AK Parti, 2002-2015 döneminde Türkiye'de siyaset kurumunun işleyişine dair benzersiz bir model ortaya koydu. Bir yandan parti içi siyaset olağanüstü bir uyumla ilerlerken, diğer yandan hükümet icraatları bu düzeni besleyen bir dinamizm üretti. Sıklıkla sorulan temel soru şuydu:İyi yönetilen siyaset mi icraatları güçlendirir, yoksa başarılı icraatlar mı siyasetiBu dönemin tecrübesi gösterdi ki AK Parti her iki alanda da denge kurmayı başardı ve çeyrek asırdır siyasal sistemin merkezinde yer aldı.
Toplumsal merkezle kurulan ilişki: 2002-2015 yılları arasında AK Parti, toplumun hemen her kesimiyle temas kurabilen, talepleri siyaset üretimine taşıyabilen bir çizgi izledi. Bu yıllarda sokakta sıkça duyulan "AK Parti'ye oy vermiyorum ama…" cümlesi aslında partinin geniş toplumsal meşruiyetini anlatıyordu. Demokrasiden yatırımlara, dış politikadan sosyal politikalara kadar birçok alanda seçmen davranışı parti aidiyetinin ötesine geçen bir kabullenmeyi yansıtıyordu.
15 Temmuz travması: Türkiye'nin yakın dönemini analiz ederken 15 Temmuz darbe girişimi bir dönüm noktasıdır.
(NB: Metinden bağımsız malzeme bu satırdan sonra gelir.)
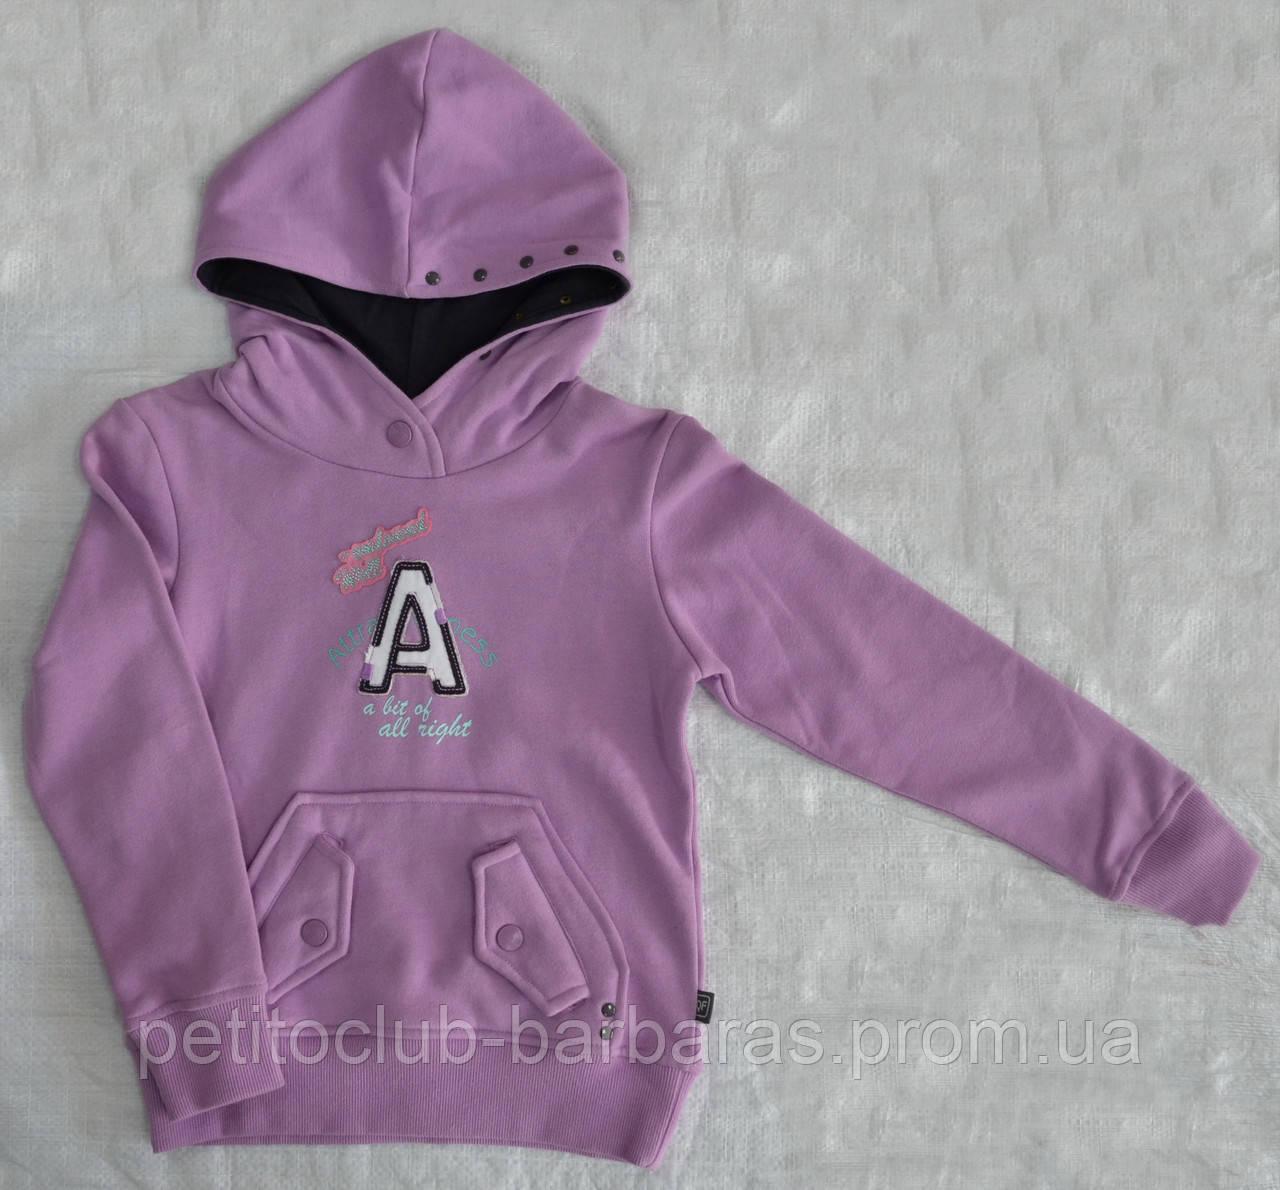 Толстовка с капюшоном фиолетовая для девочки (р. 122-146 см) (QuadriFoglio, Польша)

Bu girişim sadece devlet kurumlarını değil, siyasal alanı da derinden sarstı. FETÖ yapılanması 2010 sonrasında niyet değiştirerek bürokrasi ve siyaset üzerinde tahripkâr bir dil üretmeye başladı. Önce AK Parti tabanı üzerinden CHP'ye, sonra CHP üzerinden AK Parti'ye öfke üreten bir siyasal manipülasyon iklimi oluşturdu. Bu yönüyle FETÖ, kutuplaşmanın her iki tarafında da etkili olmayı başardı.
Darbe girişimi hem siyaseti hem devlet reflekslerini yeniden şekillendirdi. Buna rağmen Türkiye, savunma sanayinde kayda değer atılımlar yaptı, diplomasi alanında yeni bir konum elde etti ve bugün artık bölgesel bir güçten söz edilebiliyor. Bu, toplumun darbe sonrası gösterdiği direncin ve siyasal istikrarın bir sonucuydu.
AK Parti'nin geniş kitlelere hitap eden yapısı: AK Parti bugün hâlen toplumun yaklaşık yarısına hitap eden bir parti konumunda. Cumhur İttifakı'yla birlikte bu oran daha da genişliyor. Ancak zaman içinde Gelecek Partisi ve DEVA Partisi gibi yeni oluşumlar siyaset sahnesine çıktı. Bu partilerin örgütleri incelendiğinde görülen temel gerçek şudur:Bu potansiyelin önemli bir bölümü AK Parti'den ayrılan kadrolardan oluşmaktadır.
Her ne kadar oy oranları yok denecek seviyede olsa da bu partiler büyük şehirlerde hatırı sayılır bir kanaat önderi tabanıyla temsil ediliyor. Türkiye'de siyaset sadece oy oranlarıyla değil, kanaat önderliği ve sosyolojik nüfuzla da şekillenir.